TASK OBJECTIVE:
Please give the whole listing again exactly, without any of its pictures.

DATA SHOWN:

━━━

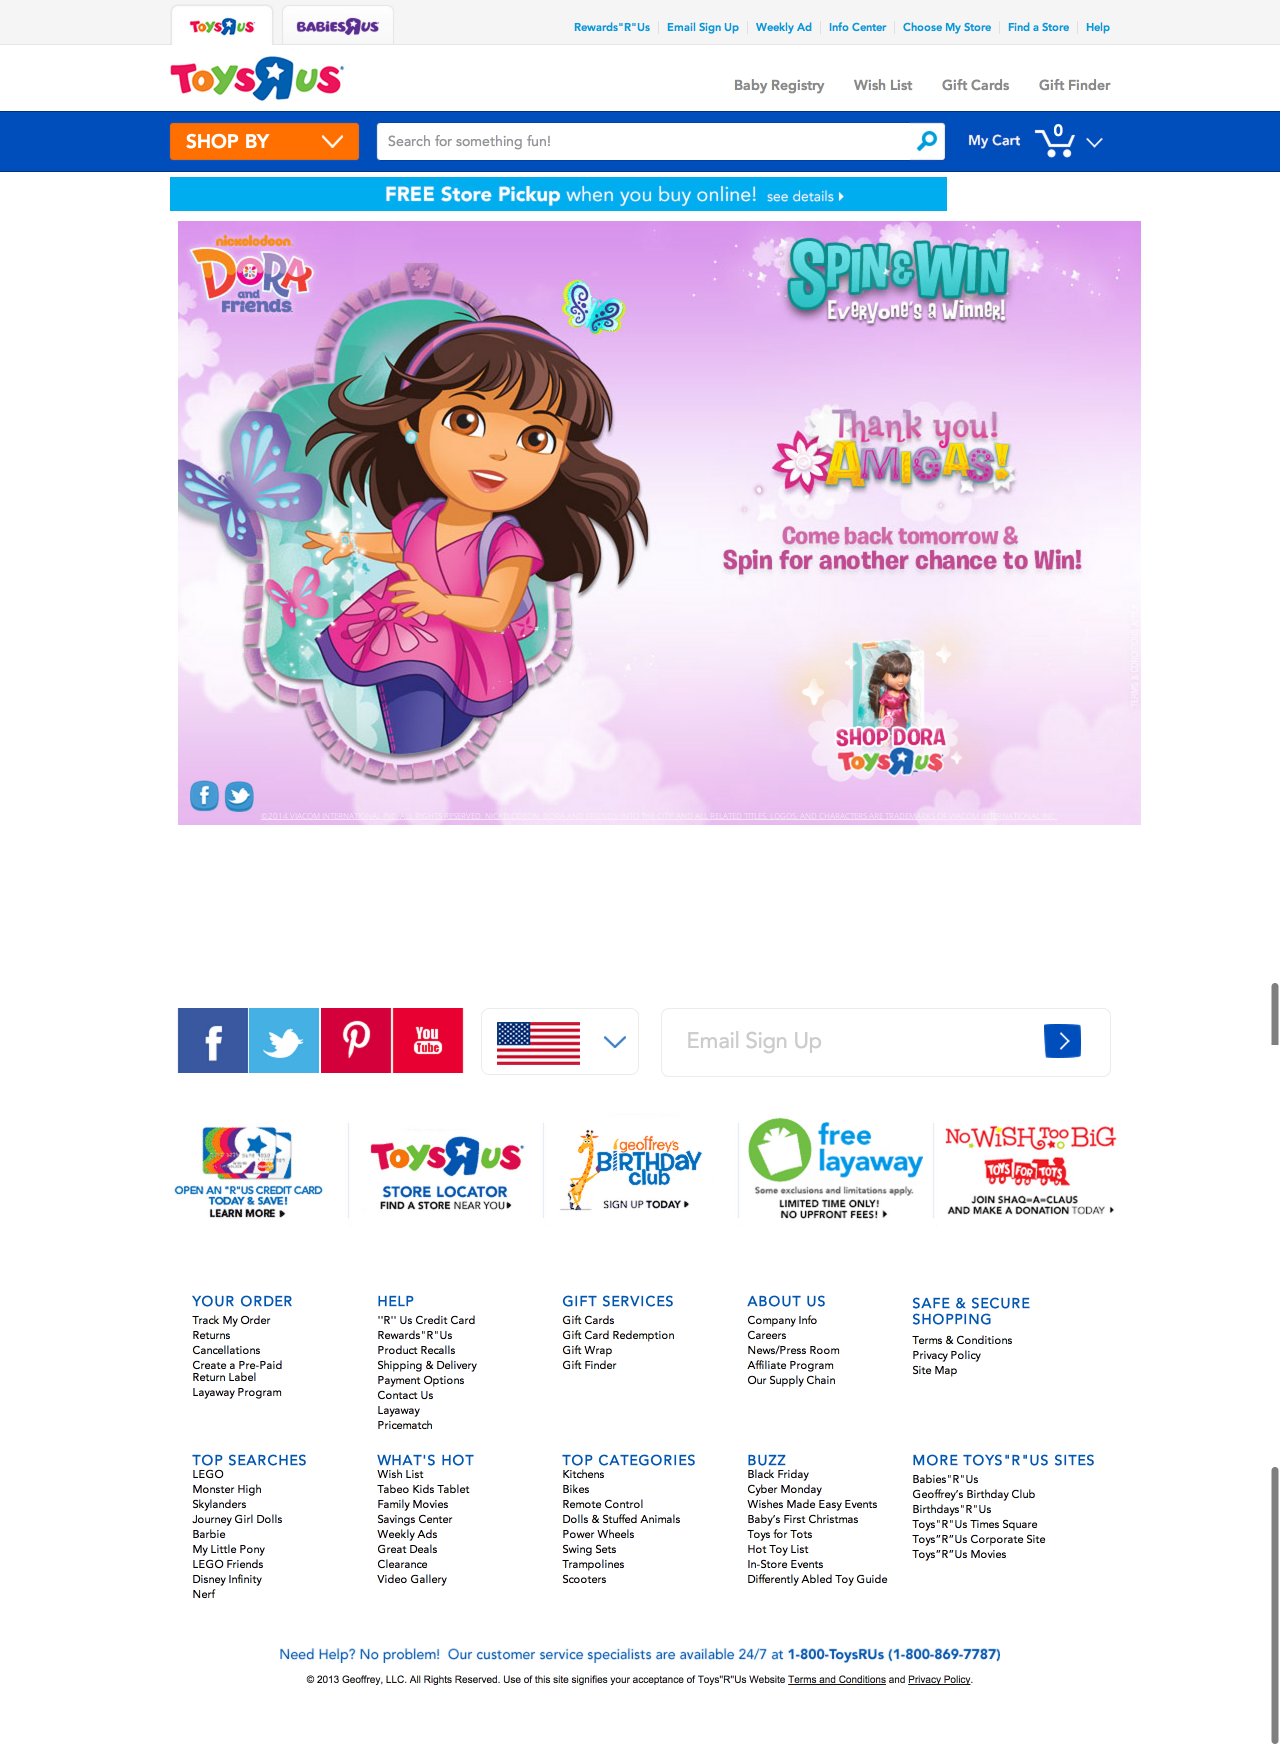 Hosted on the Toys R Us website
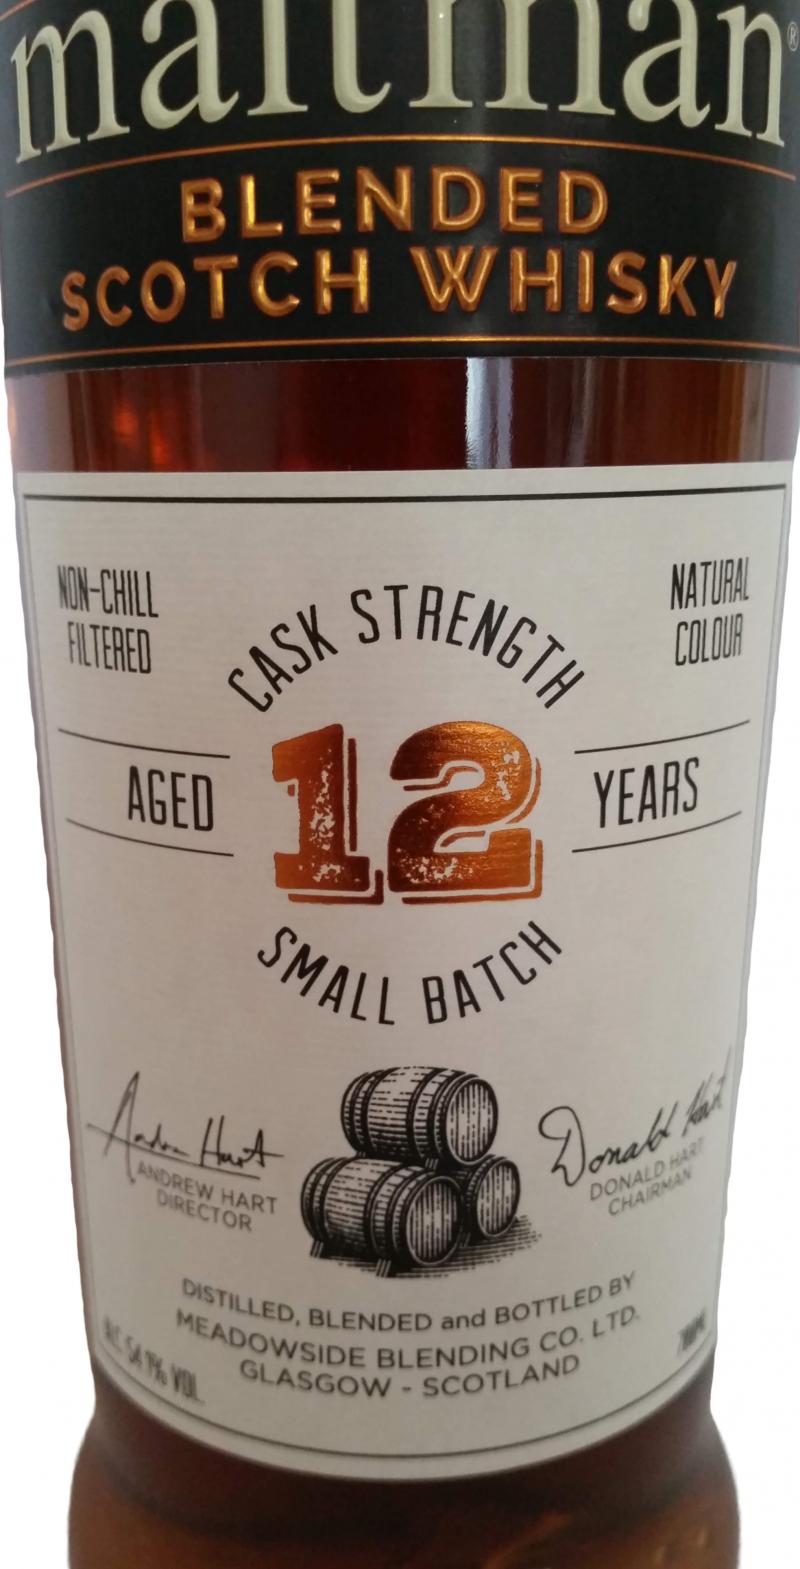 Blended Scotch Whisky 12-year-old MBl
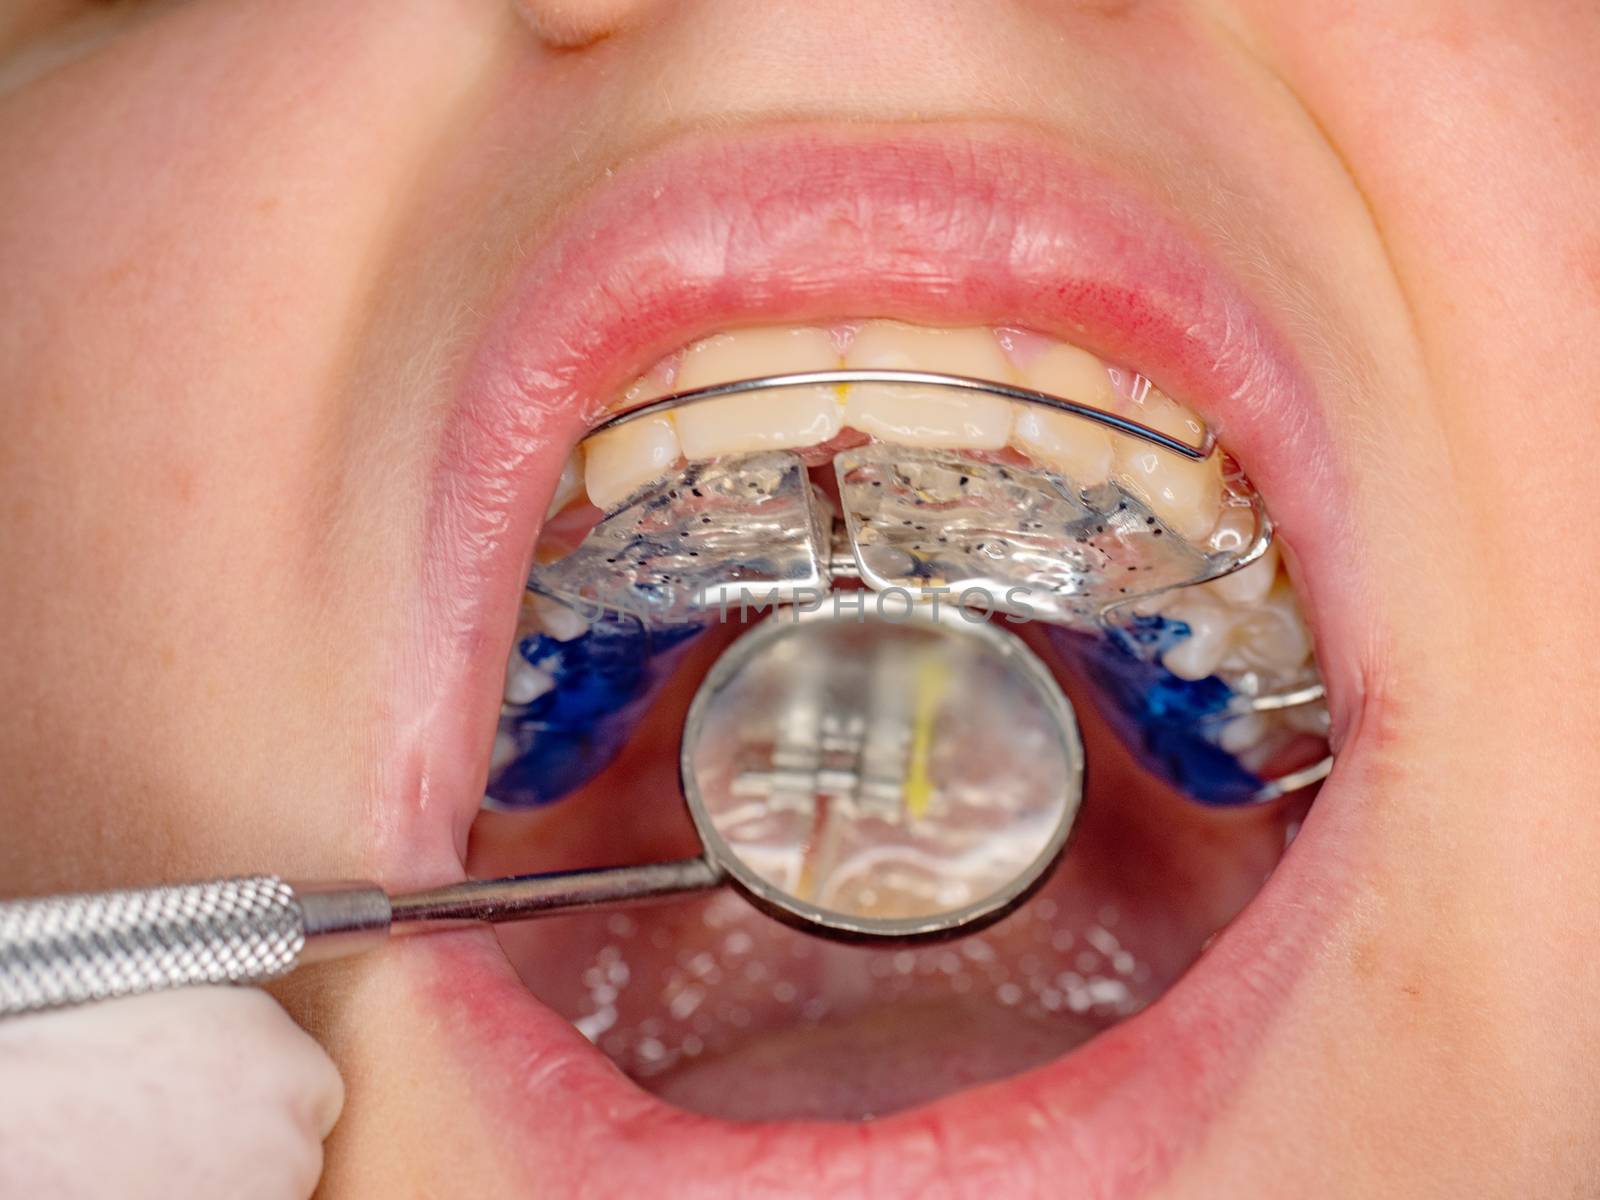 Control of teeth braces setting in patient mouth. by rdonar2
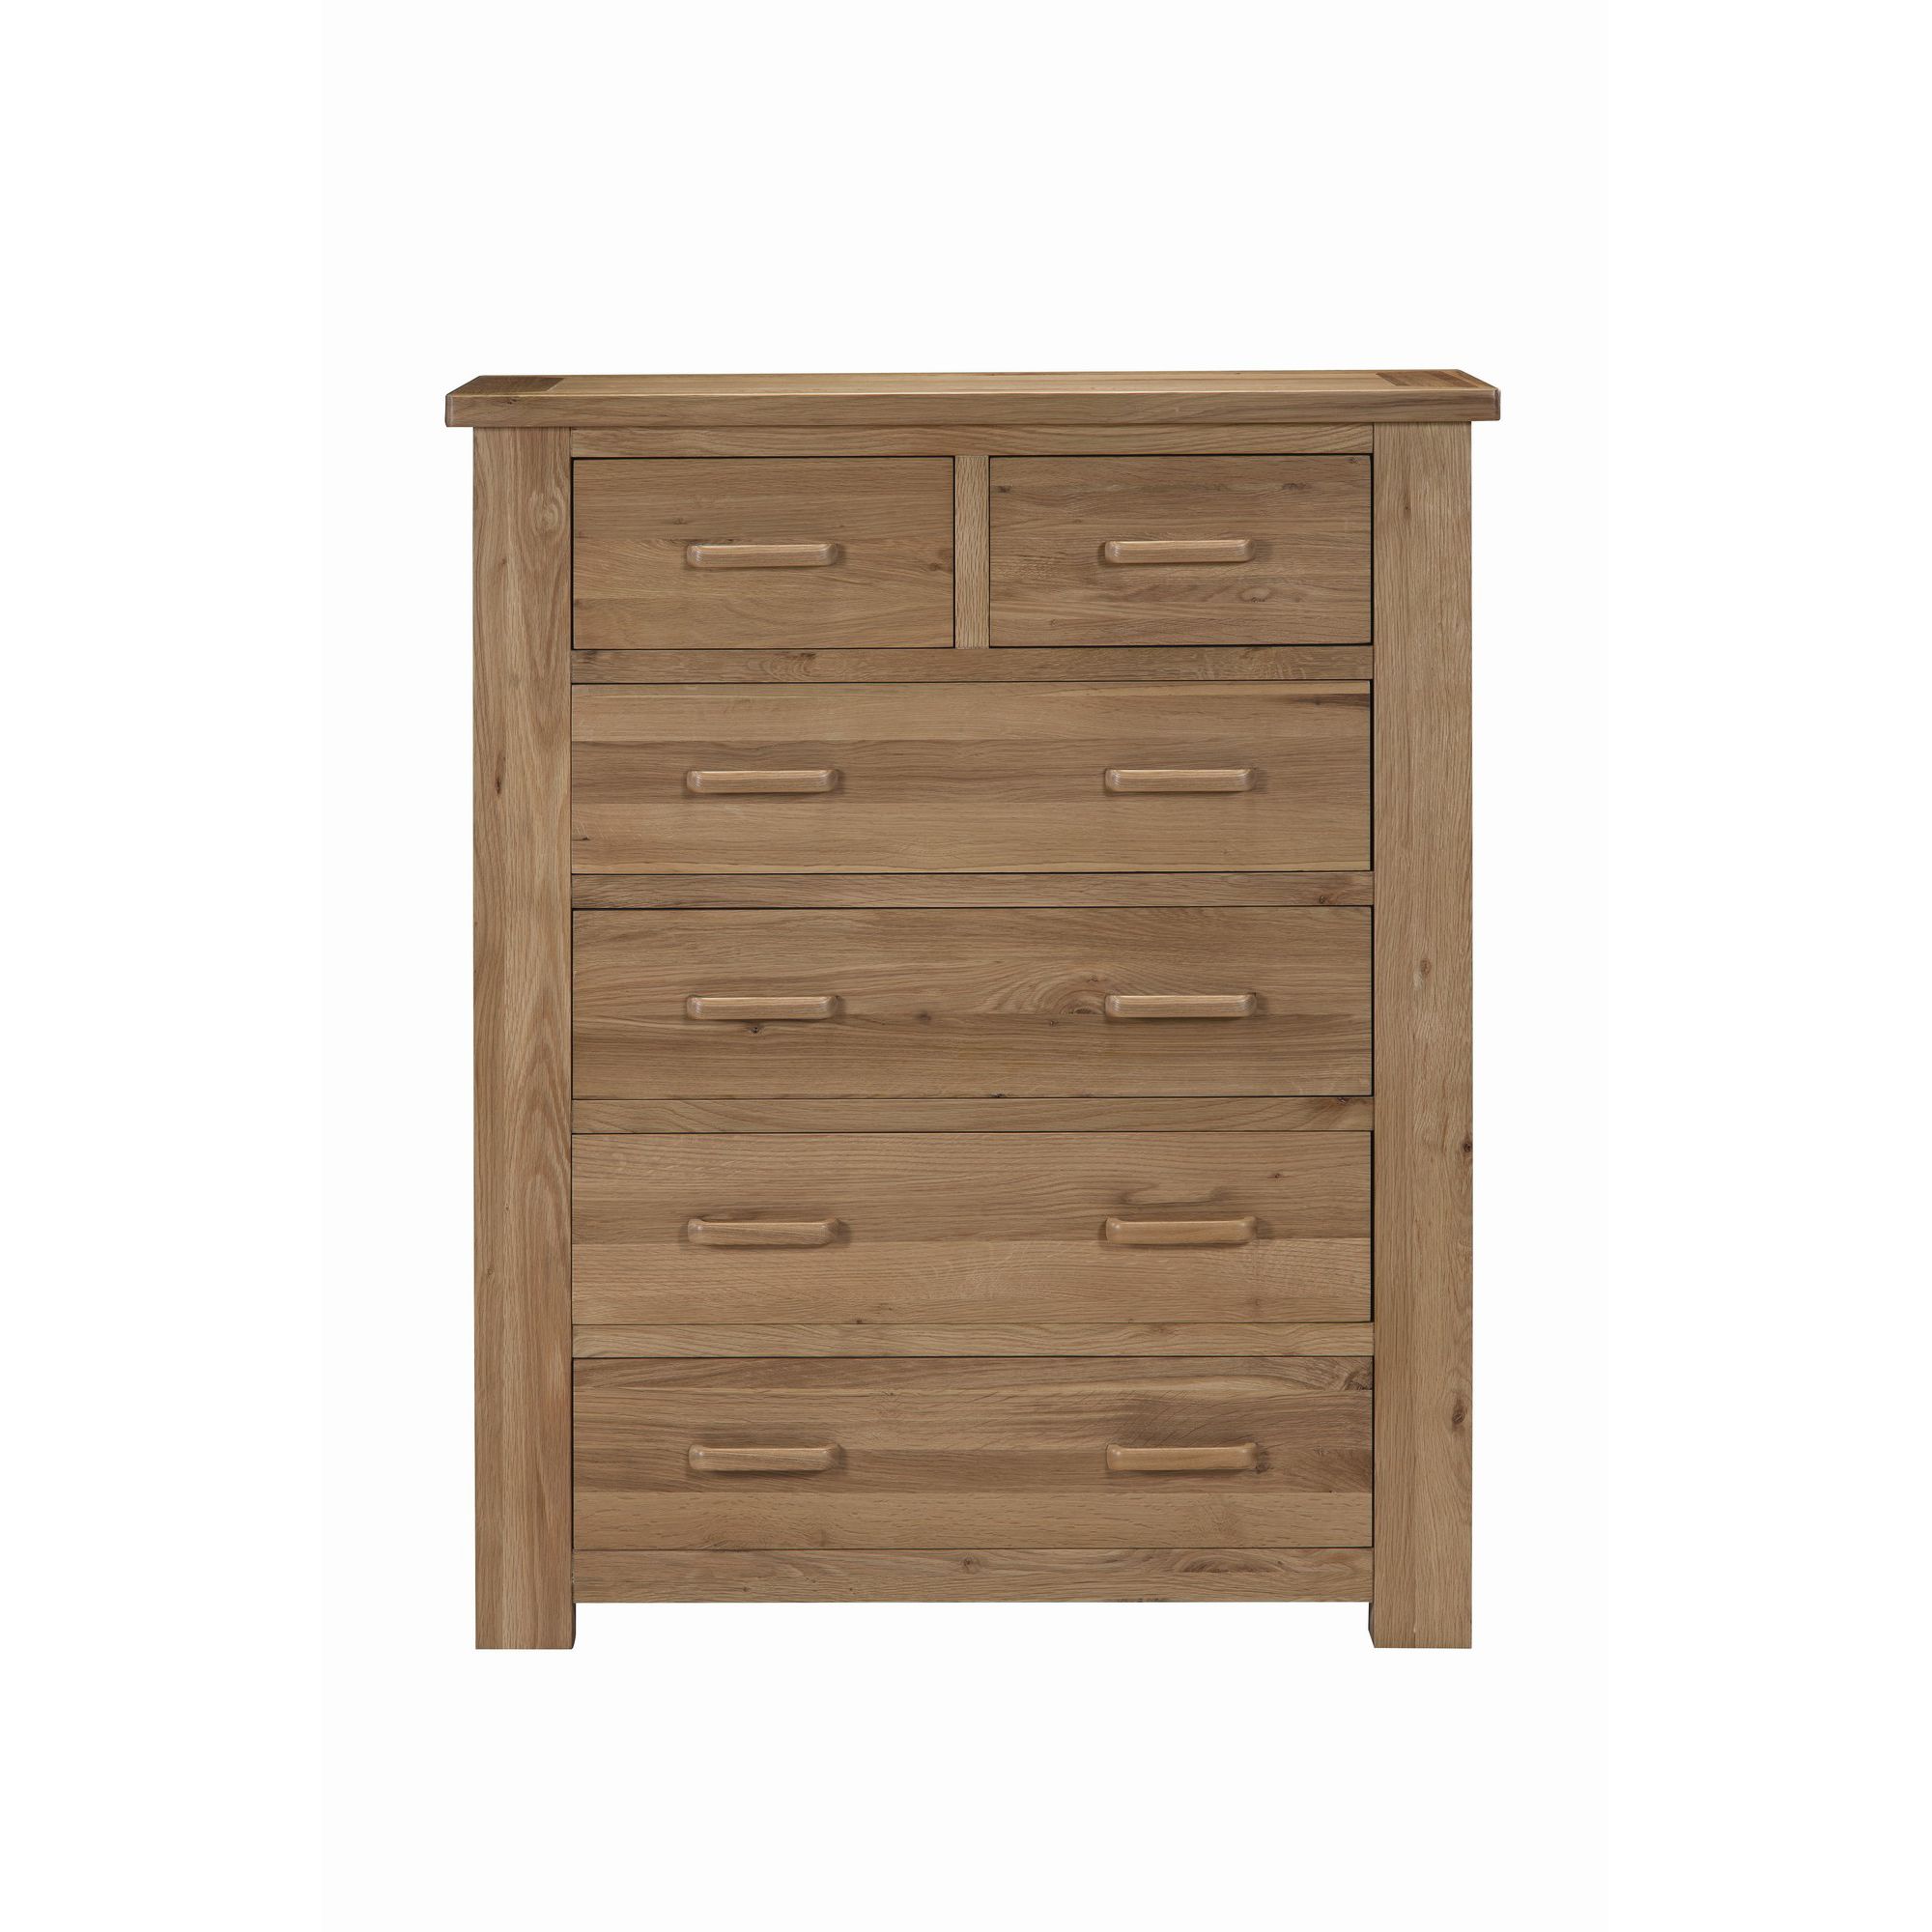 Alterton Furniture Wiltshire 2 Over 4 Drawer Chest at Tesco Direct

━━━

EXERCISE SOLUTION:
 Hosted on the Toys R Us website
 Blended Scotch Whisky 12-year-old MBl
 Control of teeth braces setting in patient mouth. by rdonar2
 Alterton Furniture Wiltshire 2 Over 4 Drawer Chest at Tesco Direct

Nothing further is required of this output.